43. Stuffed Bell Peppers with Turkey & Quinoa

Protein: ~32g | Prep Time: 15 min | Cook Time: 35 min | Servings: 2

Ingredients:

  • 2 large bell peppers, halved and seeded
  • 6 oz lean ground turkey
  • ½ cup cooked quinoa
  • 1 can (14 oz) diced tomatoes, drained
  • ½ cup black beans, rinsed
  • ½ tsp each: cumin, smoked paprika, turmeric
  • 1 clove garlic, minced
  • ¼ cup red onion, diced
  • 1 tsp extra-virgin olive oil
  • Fresh cilantro for garnish

Instructions:

  1. Preheat oven to 375°F (190°C). Cook onion, garlic, and turkey in olive oil.
  2. Stir in tomatoes, black beans, quinoa, and spices. Season.
  3. Stuff peppers; bake 25–30 minutes. Garnish with cilantro.

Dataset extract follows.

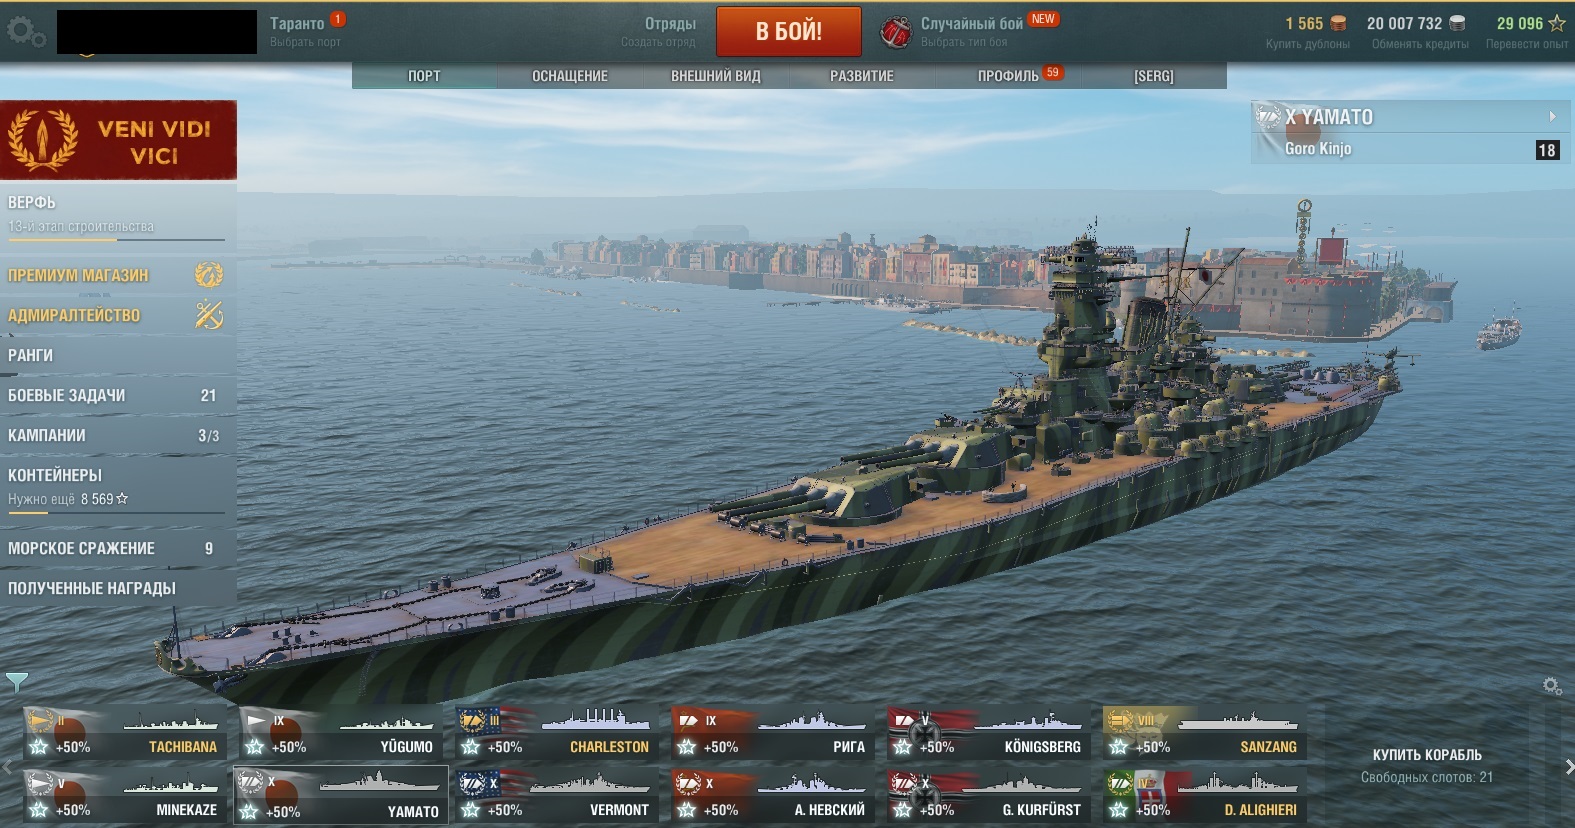 Аккаунт World of Warships 53% 1к боев 7 топов скриншот

44. Prawn & Vegetable Noodle Soup

Protein: ~28g | Prep Time: 10 min | Cook Time: 15 min | Servings: 1

Ingredients:

  • 4 oz large prawns, peeled and deveined
  • 2 oz rice noodles
  • 2 cups low-sodium broth
  • 1 cup bok choy, sliced
  • ½ cup shredded carrots
  • 2 mushrooms, sliced
  • 1 clove garlic, minced
  • 1 tsp fresh ginger, grated
  • ½ tsp ground turmeric
  • 1 tbsp low-sodium tamari
  • 1 tsp sesame oil
  • Fresh cilantro and lime for serving

Instructions:

  1. Cook noodles; drain and set aside.
  2. Simmer broth with garlic, ginger, and turmeric. Add mushrooms and carrots for 3 minutes.
  3. Add prawns and bok choy; cook 3–4 minutes. Stir in tamari and sesame oil.
  4. Divide noodles into bowls; ladle soup over. Garnish with cilantro and lime.

45. Egg Salad Stuffed Avocado

Protein: ~26g | Prep Time: 10 min | Cook Time: 10 min | Servings: 1

Ingredients:

  • 3 large eggs, hard-boiled
  • 1 ripe avocado, halved and pitted
  • 1 tbsp plain Greek yogurt
  • 1 tsp Dijon mustard
  • 1 tbsp each fresh chives and dill
  • 1 tsp lemon juice
  • ¼ tsp smoked paprika
  • Salt and black pepper to taste

Instructions:

  1. Chop hard-boiled eggs. Mix with Greek yogurt, mustard, herbs, lemon juice, salt, and pepper.
  2. Fill avocado halves with egg salad. Sprinkle with paprika.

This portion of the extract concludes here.